Now there is something about this definition that may sound arbitrarily limited to a computer scientist. Indeed, consider the (infinite) directed graph whose vertices are natural numbers, and whose edges are pairs (n,s(n)). Here is a picture, rendered using the allmighty GraphViz (neato mode), showing the resulting network/graph for numbers below 50 (blue/red arcs indicate decreasing/increasing values of s, number 1 omitted for readability, golden nodes are perfect numbers):

And here is the larger graph of numbers below 300 (Full-screen PDF version):

One then easily sees that amicable numbers are in bijection with cycles of length 2 in the graph. Indeed, zooming in on the above graph, one may easily spot the first amicable pair:

This raises the question

Why not consider more general iterations of the s(.) function?

Indeed, one can alternatively, yet equivalently, define amicable numbers as pairs

(n,s(n)) such that s(s(n)) = n and s(n) ≠ n

which naturally generalizes into what is called sociable numbers, i.e. k-tuples of numbers

(n, s(n), s(s(n)), … , sk-1(n)) such that sk(n) = n and sj(n) ≠ n, ∀j∈[1,k-1].
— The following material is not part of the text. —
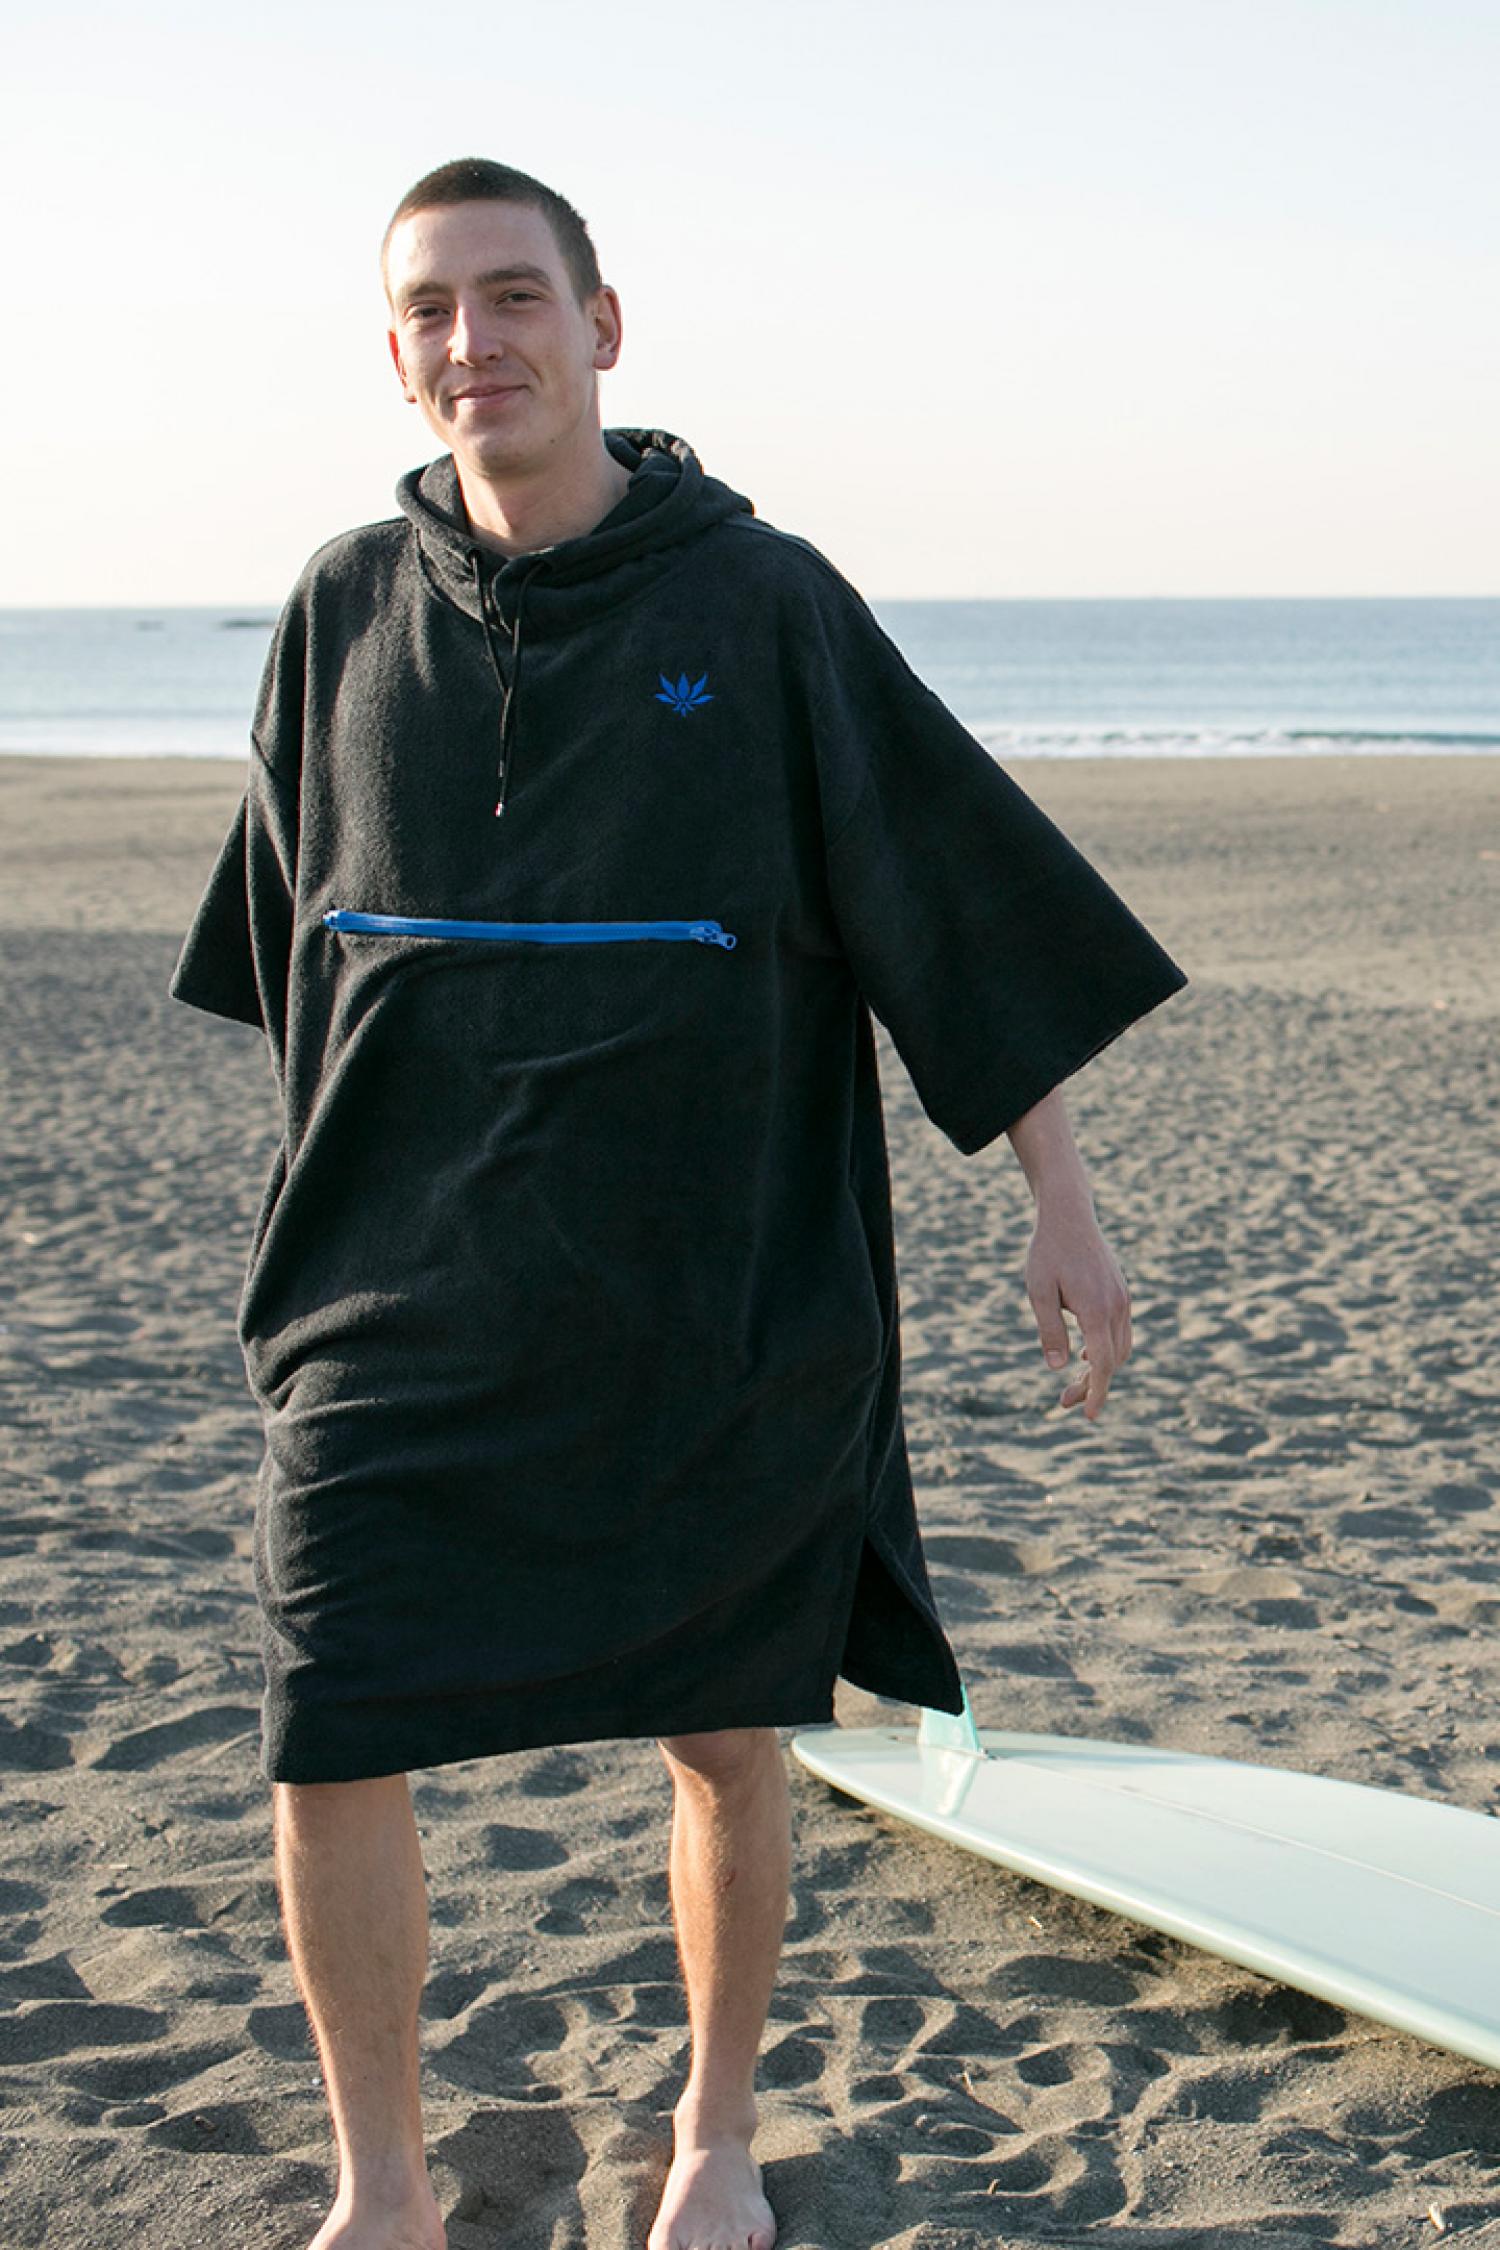 Packable poncho of collaboration item with magazine "Blue".

These sequences are also called periodic aliquot sequences. Here is one of the biggest periodic sequence known to date (k=28):

These numbers are currently of some interest in number theory:
  For k=1, sociable numbers are perfect numbers.
  For k=2, sociable numbers are amicable numbers.
  In general, what are aliquot sequence of cycle length k? Do they even exist for large values of k?
Whether there exists a cycle-free infinite aliquot sequence is currently open!